*Data segment:*
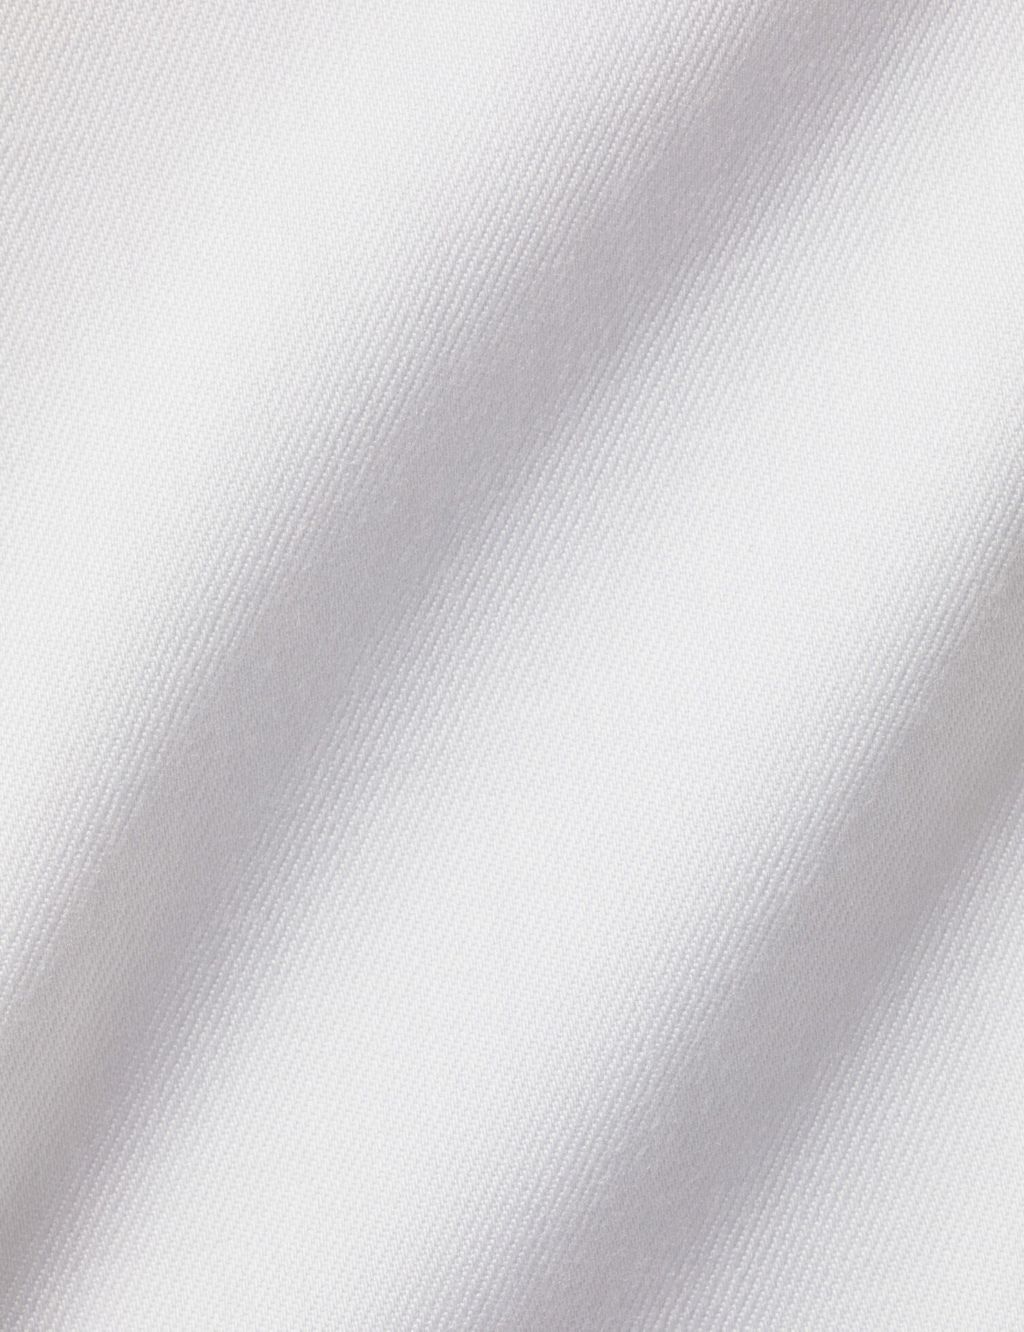 Slim Fit Pure Cotton Twill Shirt image 5
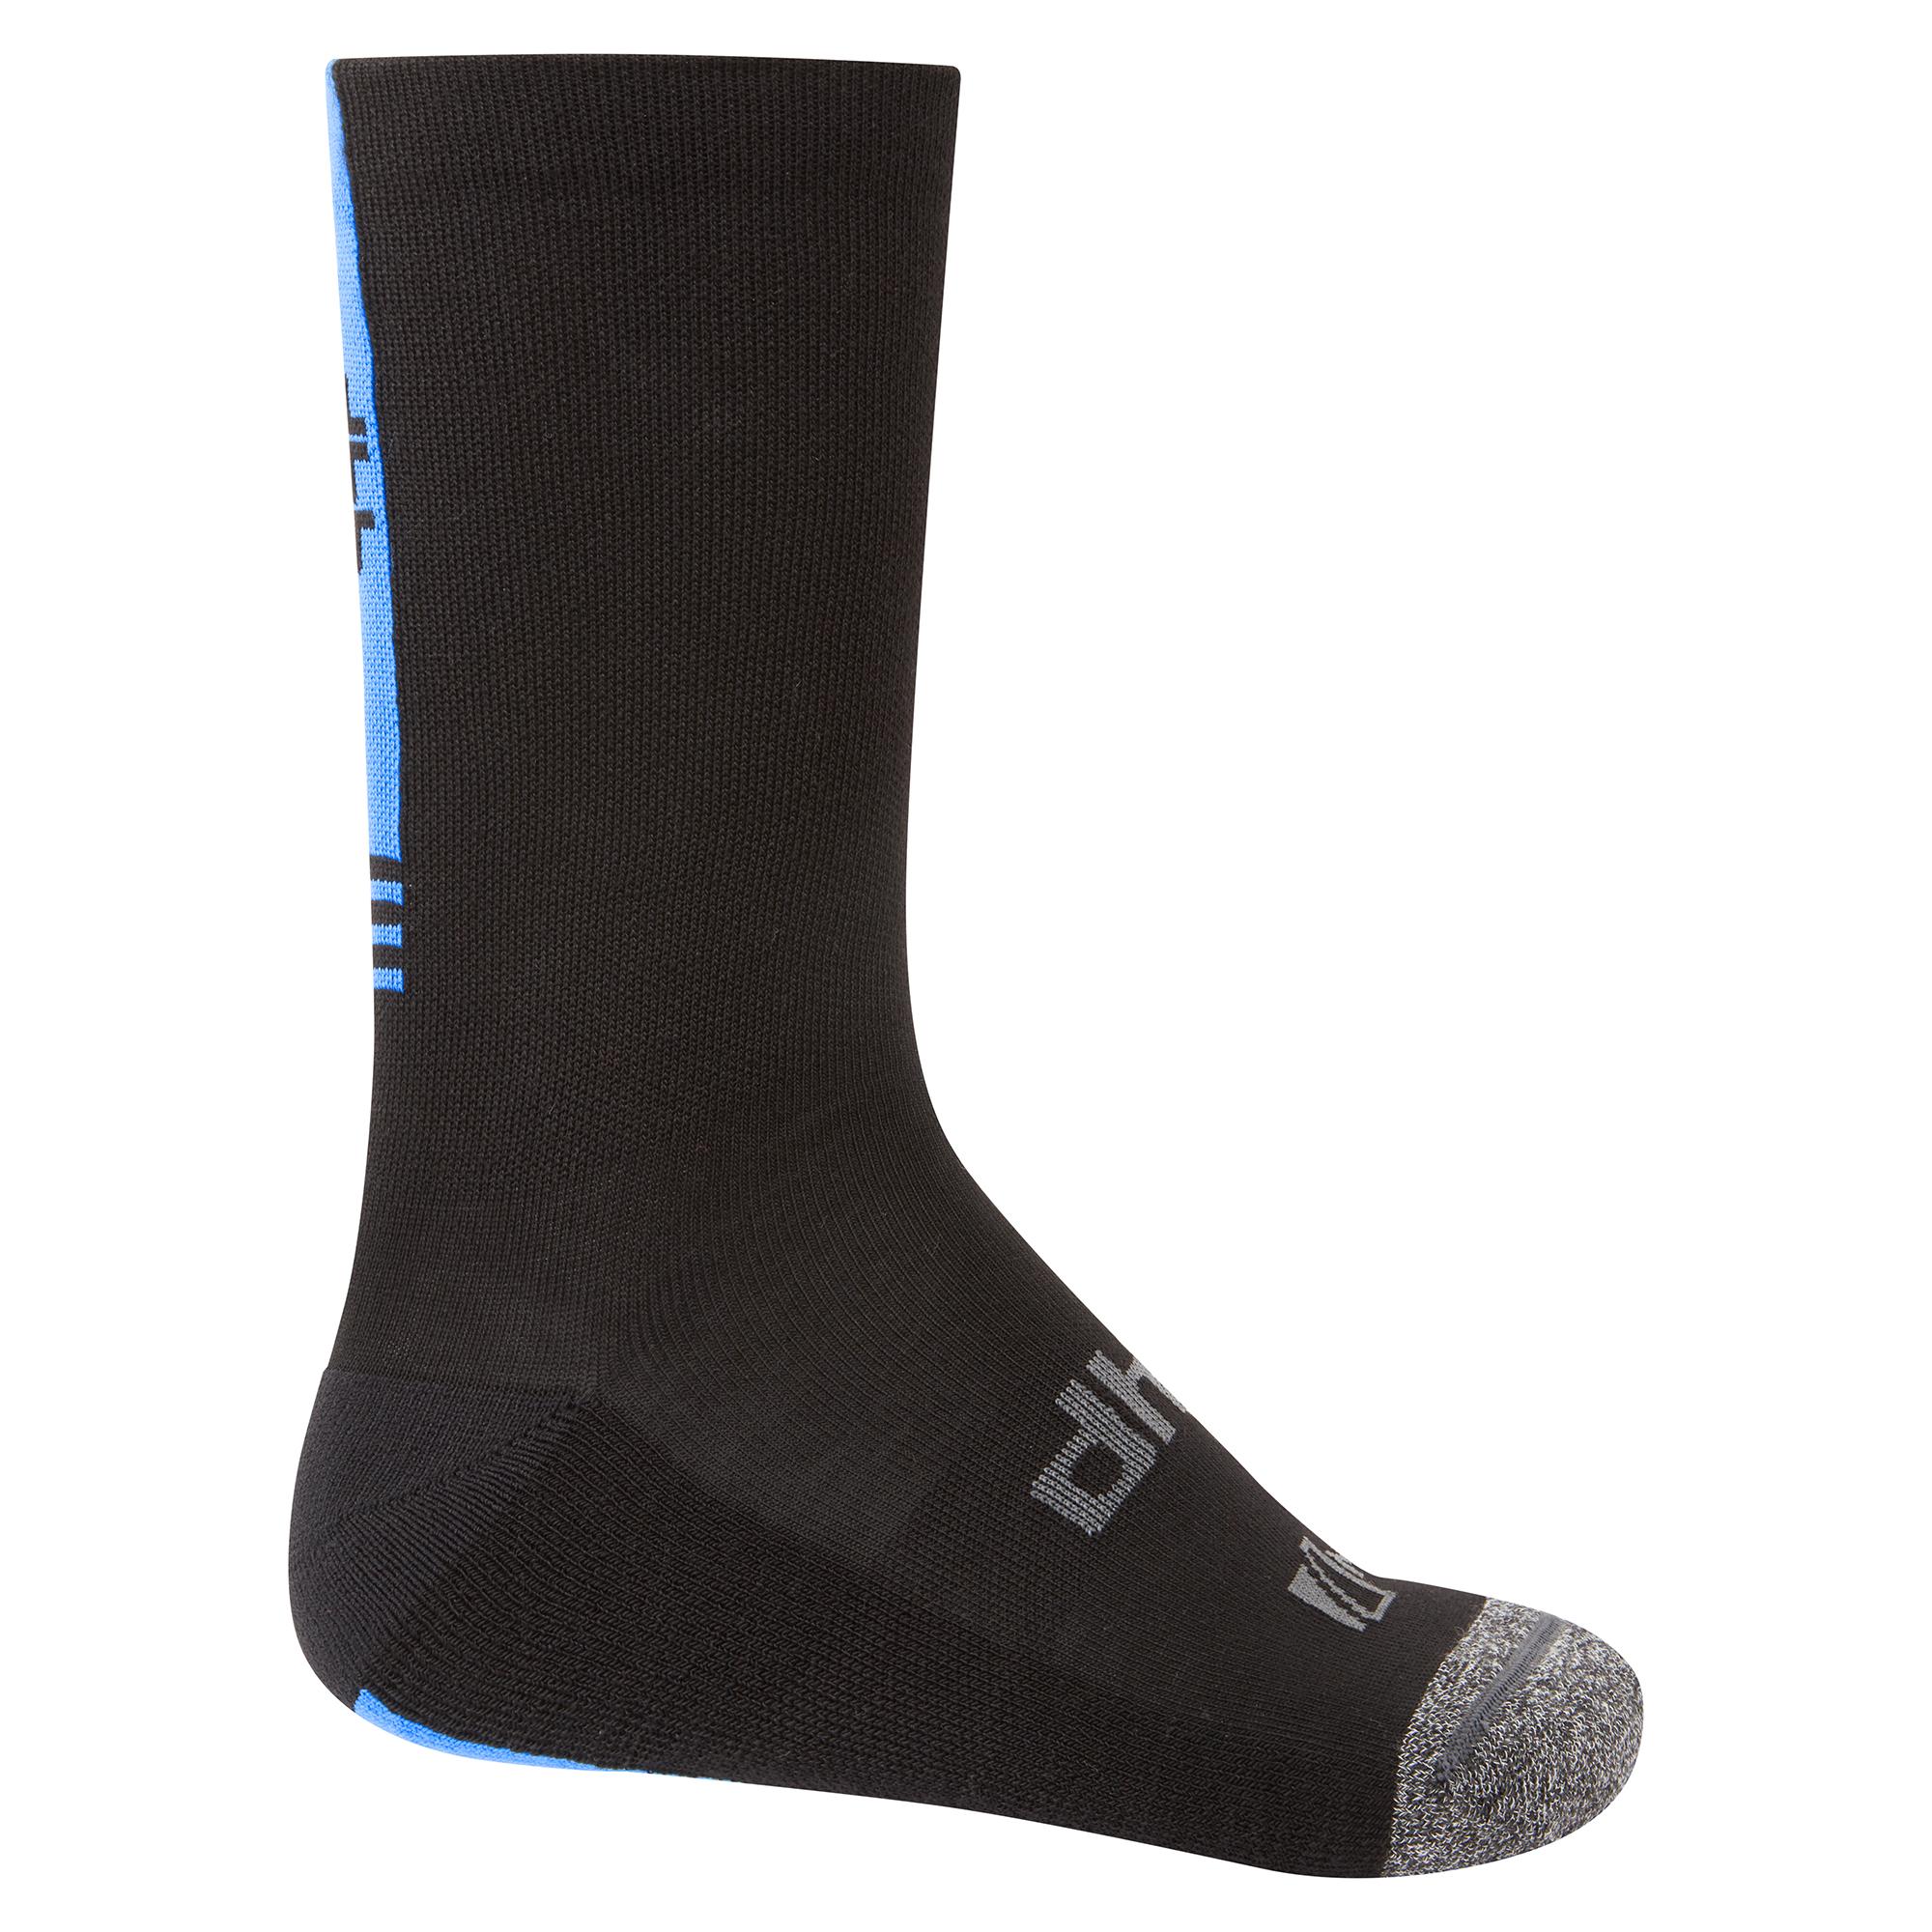 Dhb Aeron Winter Weight Merino Sock 2.0 - Black/blue
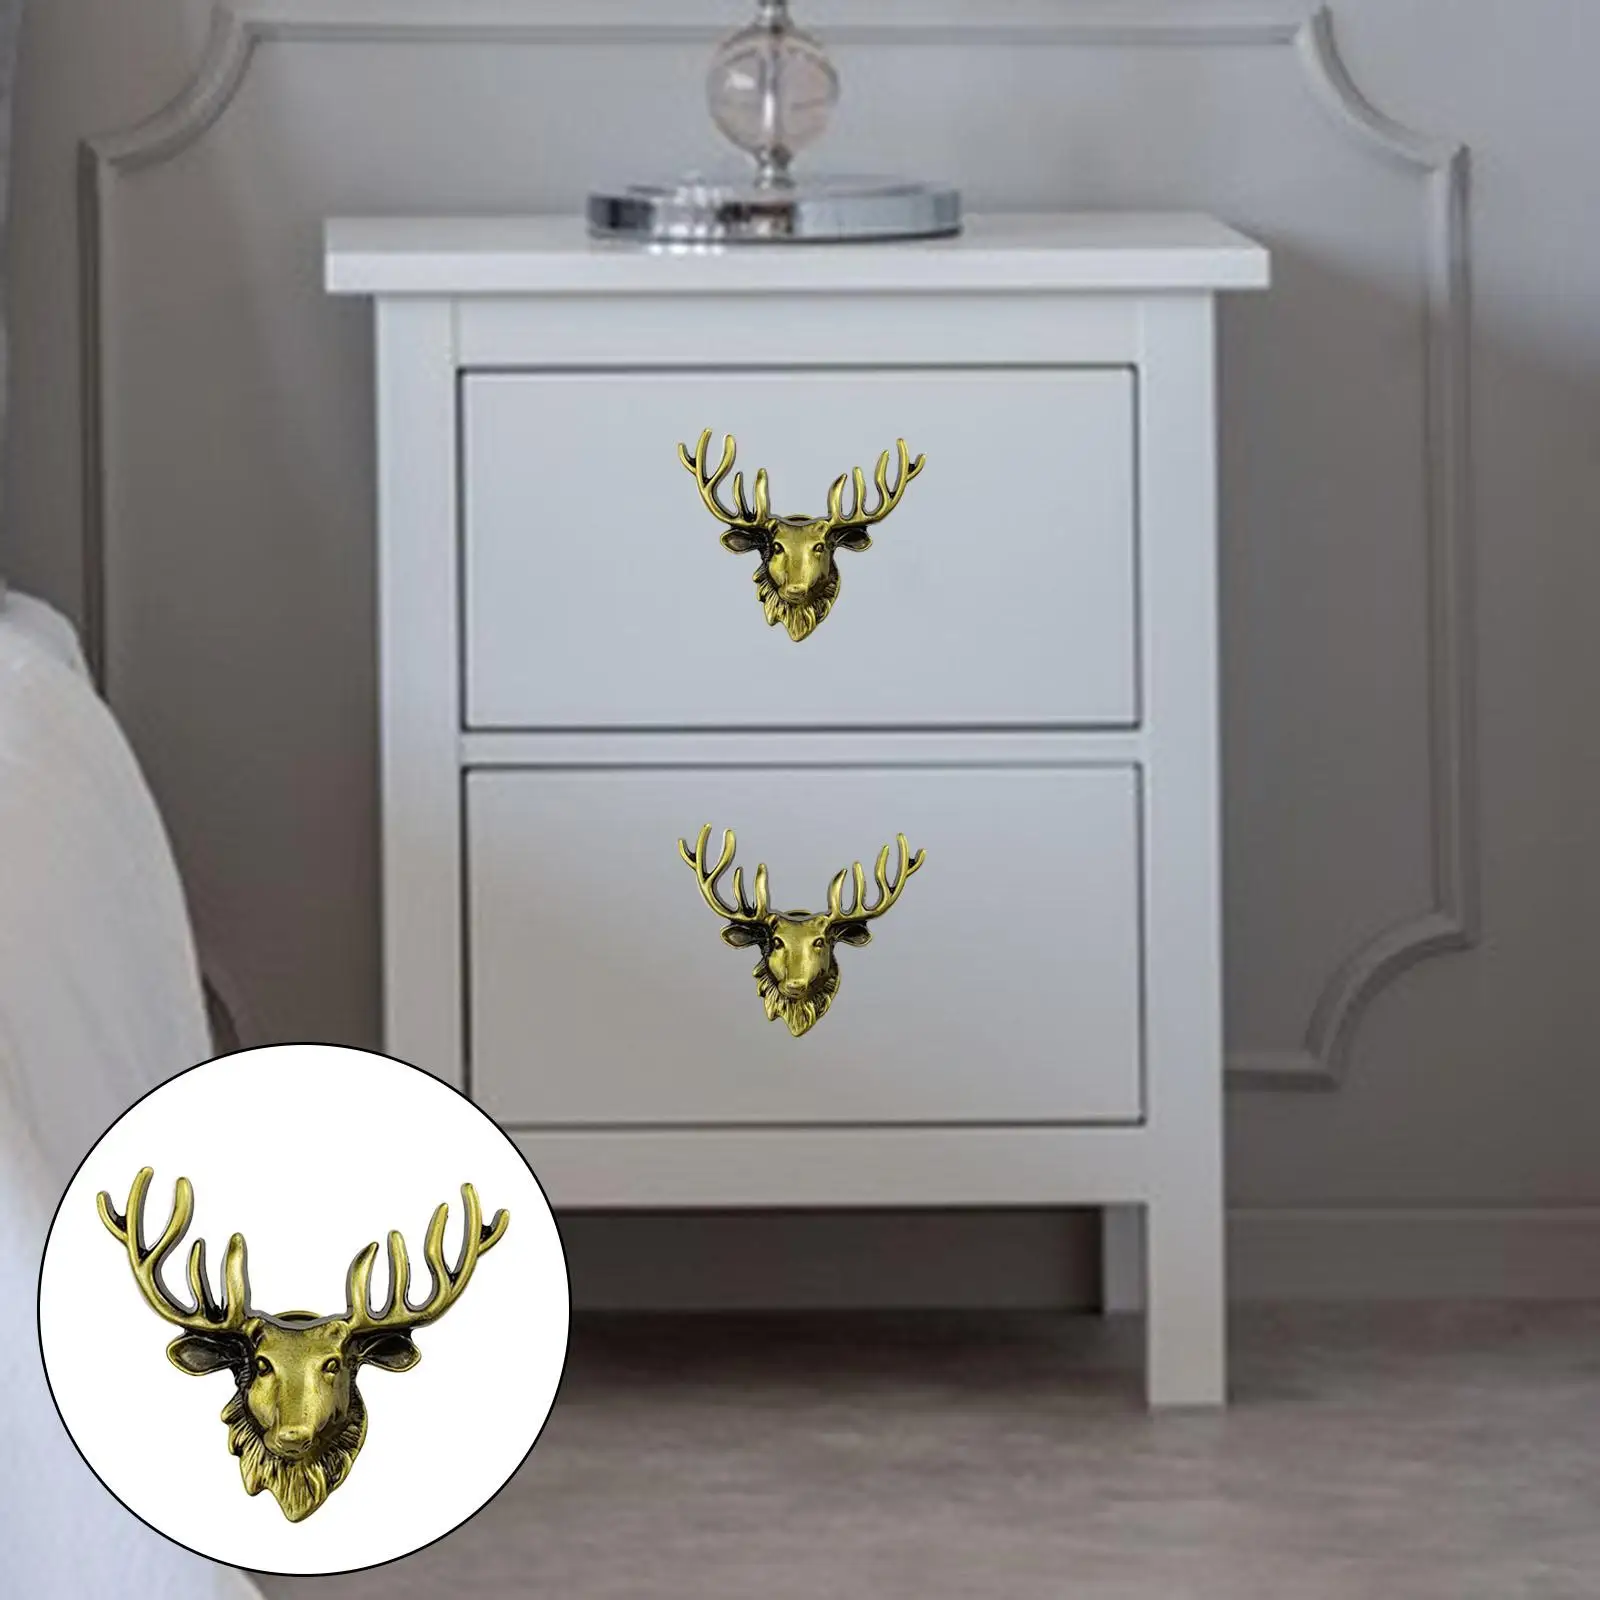 Modern Dresser Knobs Knob Handle Deer Decorative Home Furniture Metal Cabinet Knobs Knobs Pull for Wardrobe Bookcase Kitchen

*What is needed:* Return all the material exactly, pictures excluded.

*Answer to the problem:*
 Slim Fit Pure Cotton Twill Shirt image 5
 Dhb Aeron Winter Weight Merino Sock 2.0 - Black/blue
 Modern Dresser Knobs Knob Handle Deer Decorative Home Furniture Metal Cabinet Knobs Knobs Pull for Wardrobe Bookcase Kitchen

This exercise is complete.